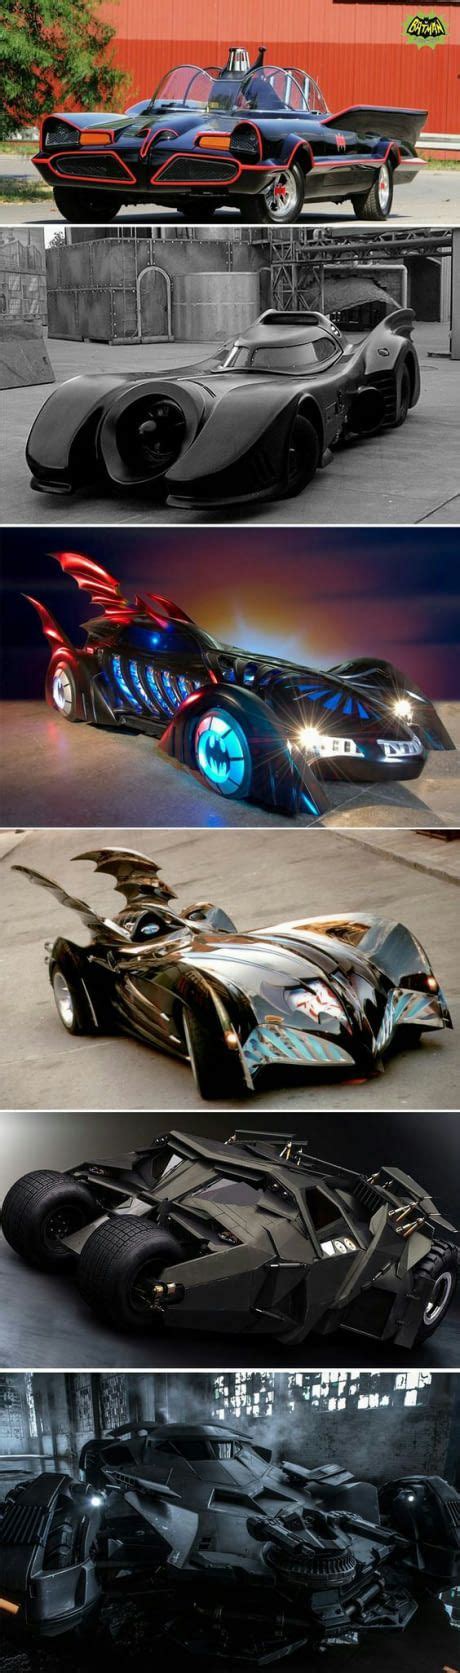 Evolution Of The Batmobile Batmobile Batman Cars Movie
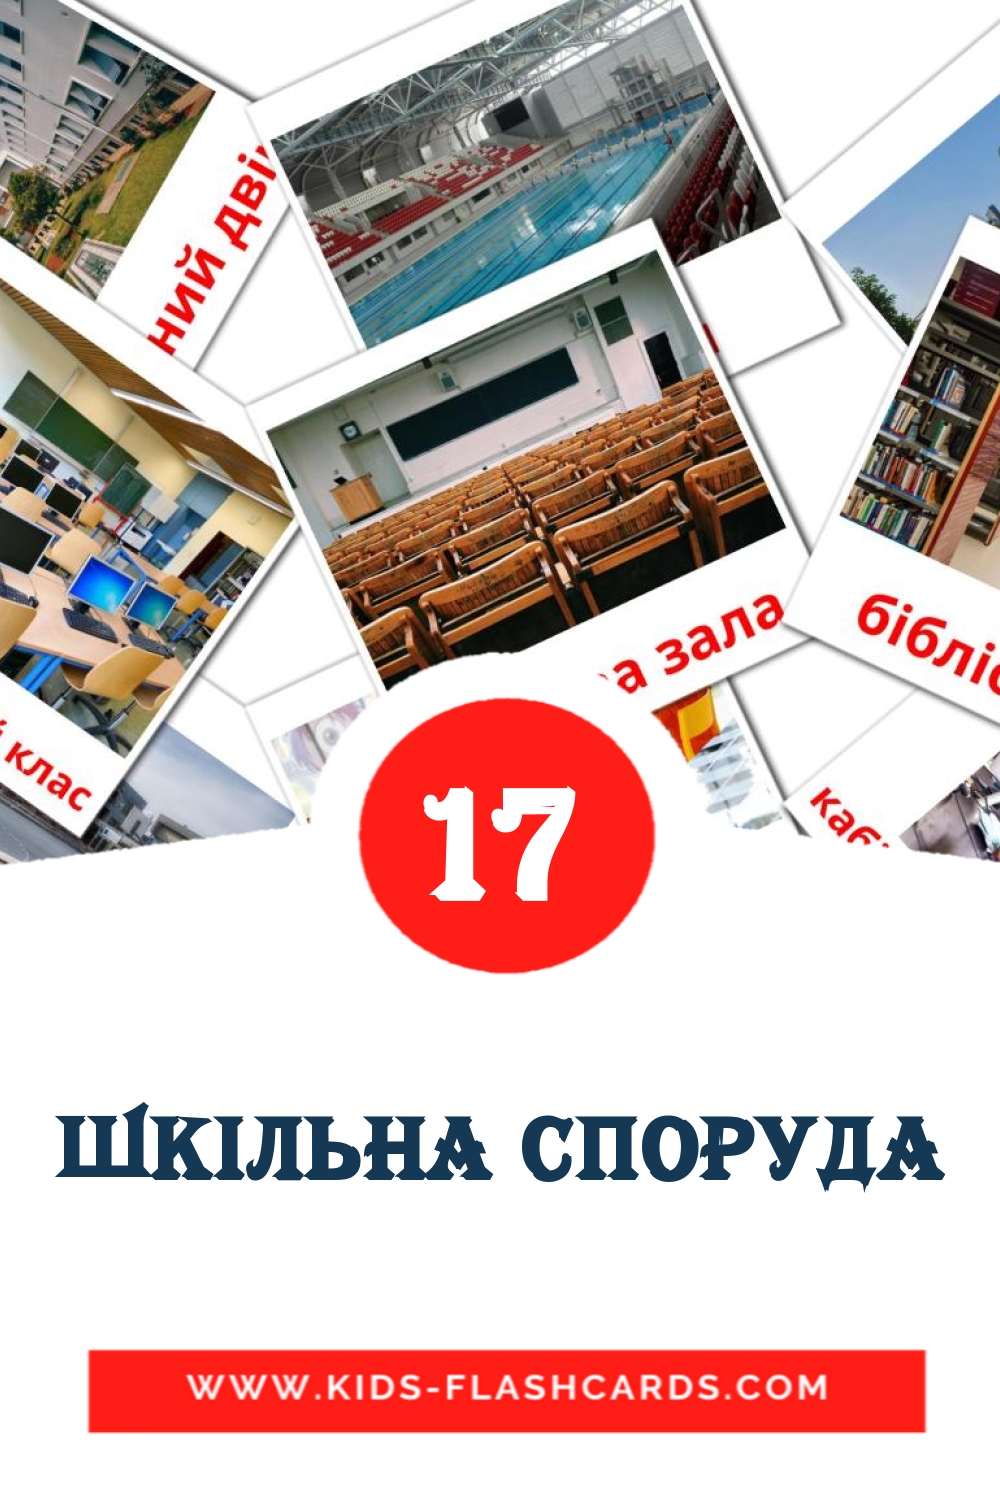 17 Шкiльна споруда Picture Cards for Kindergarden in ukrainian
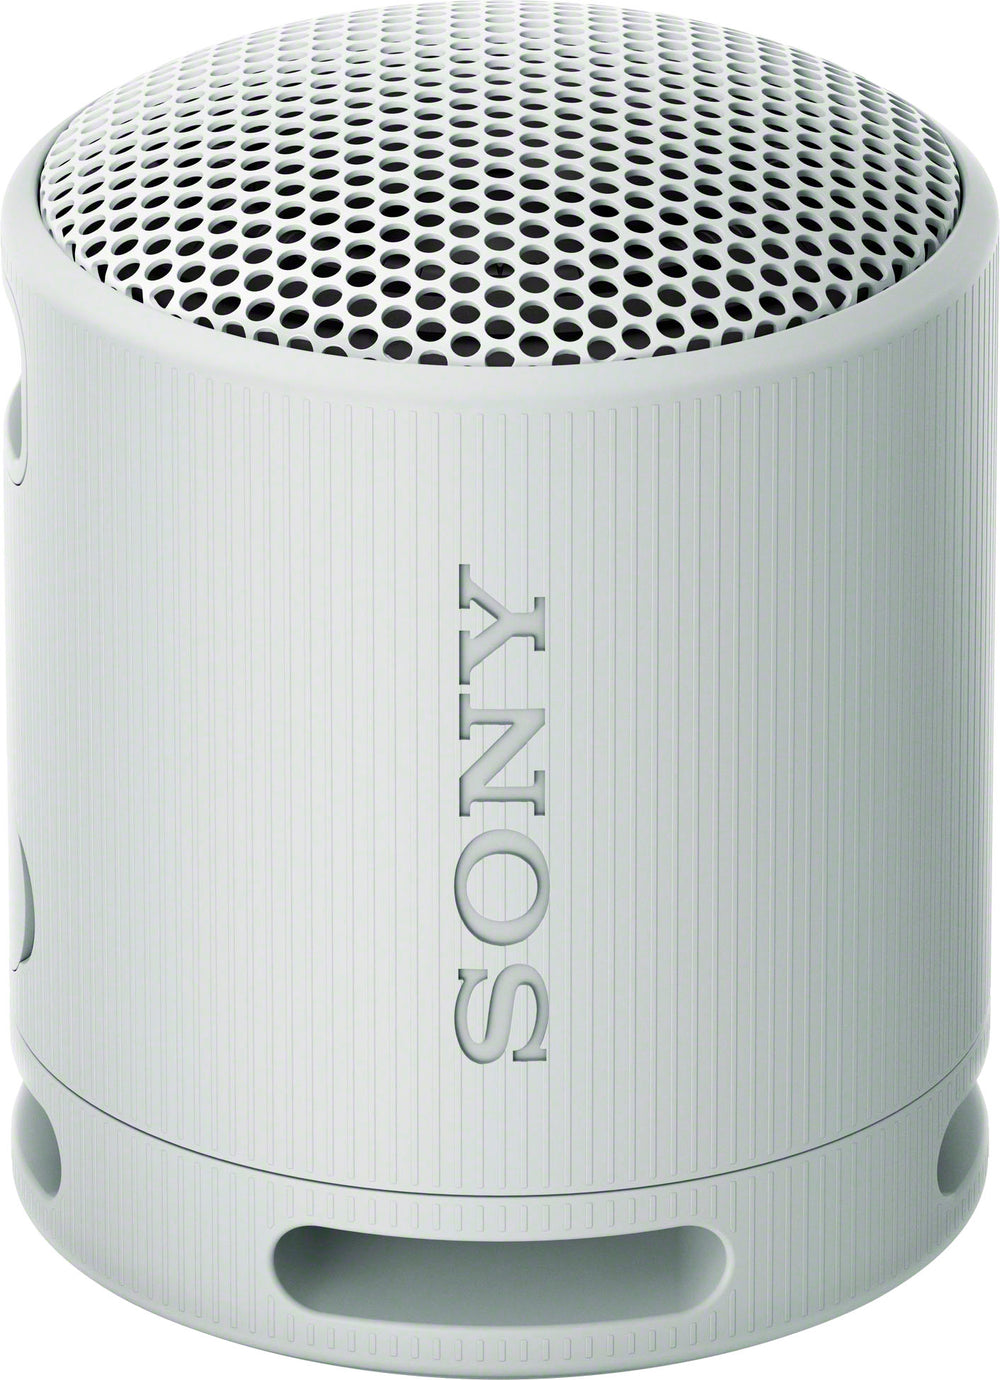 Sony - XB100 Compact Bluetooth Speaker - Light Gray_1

---

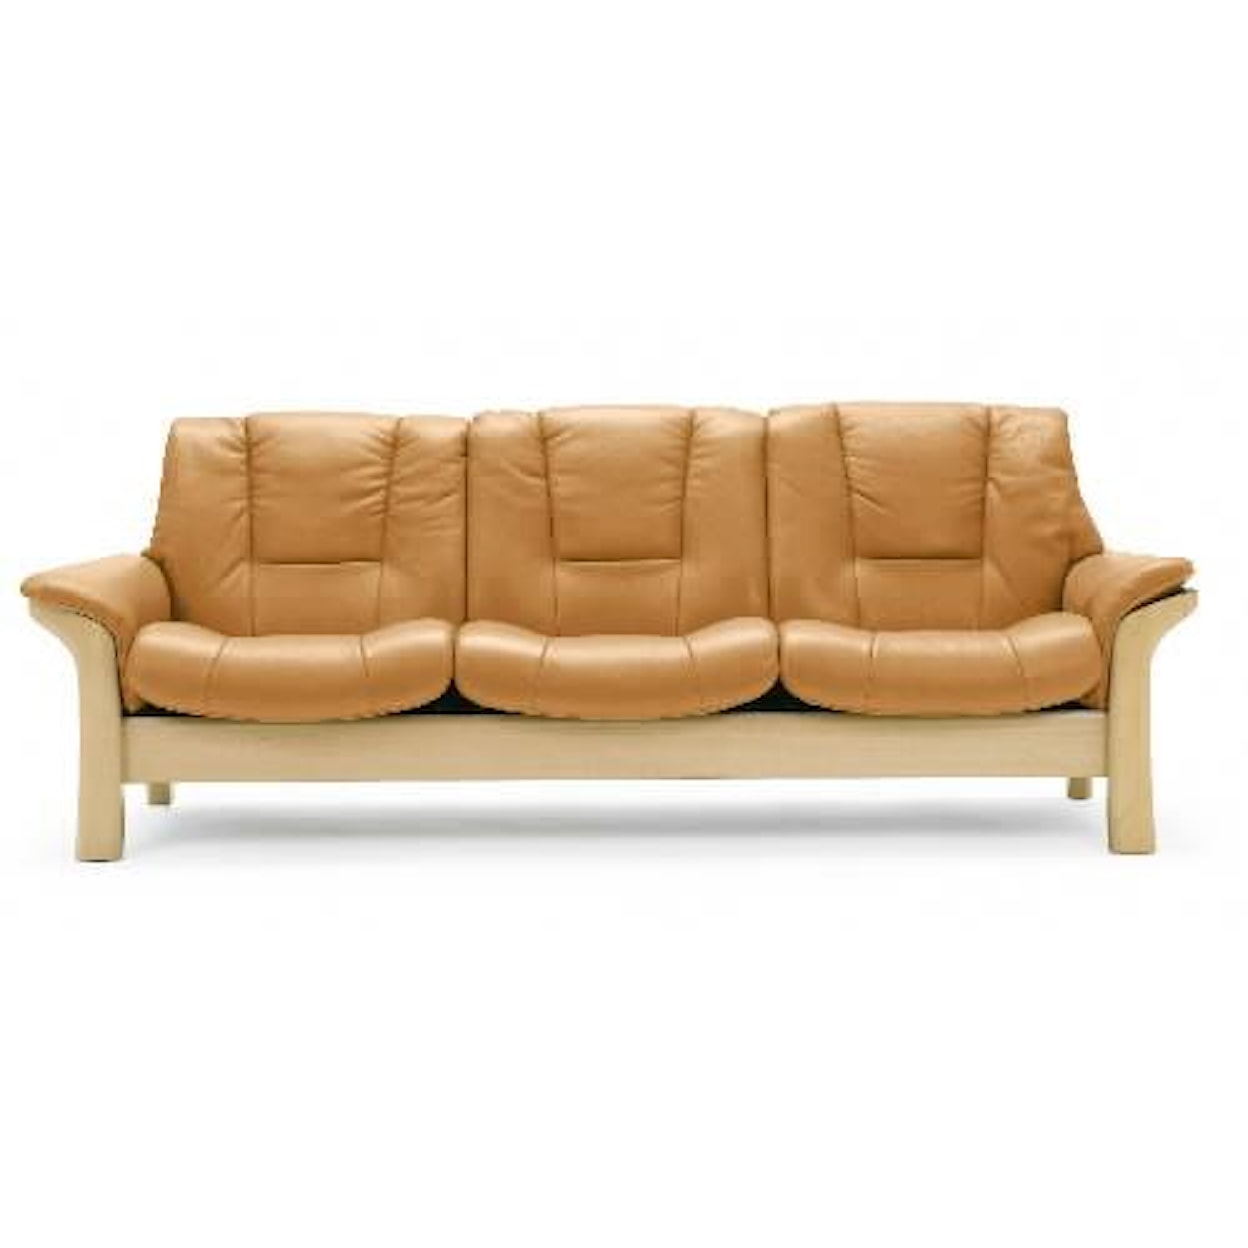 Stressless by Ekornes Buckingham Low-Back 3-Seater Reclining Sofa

What you should do
Begin at the line in the entries above that has "17 Шкiльна споруда", stop after the line that has "Sony - XB100", and output exactly those lines without pictures.

Answer to this exercise
 17 Шкiльна споруда Picture Cards for Kindergarden in ukrainian
 Sony - XB100 Compact Bluetooth Speaker - Light Gray_1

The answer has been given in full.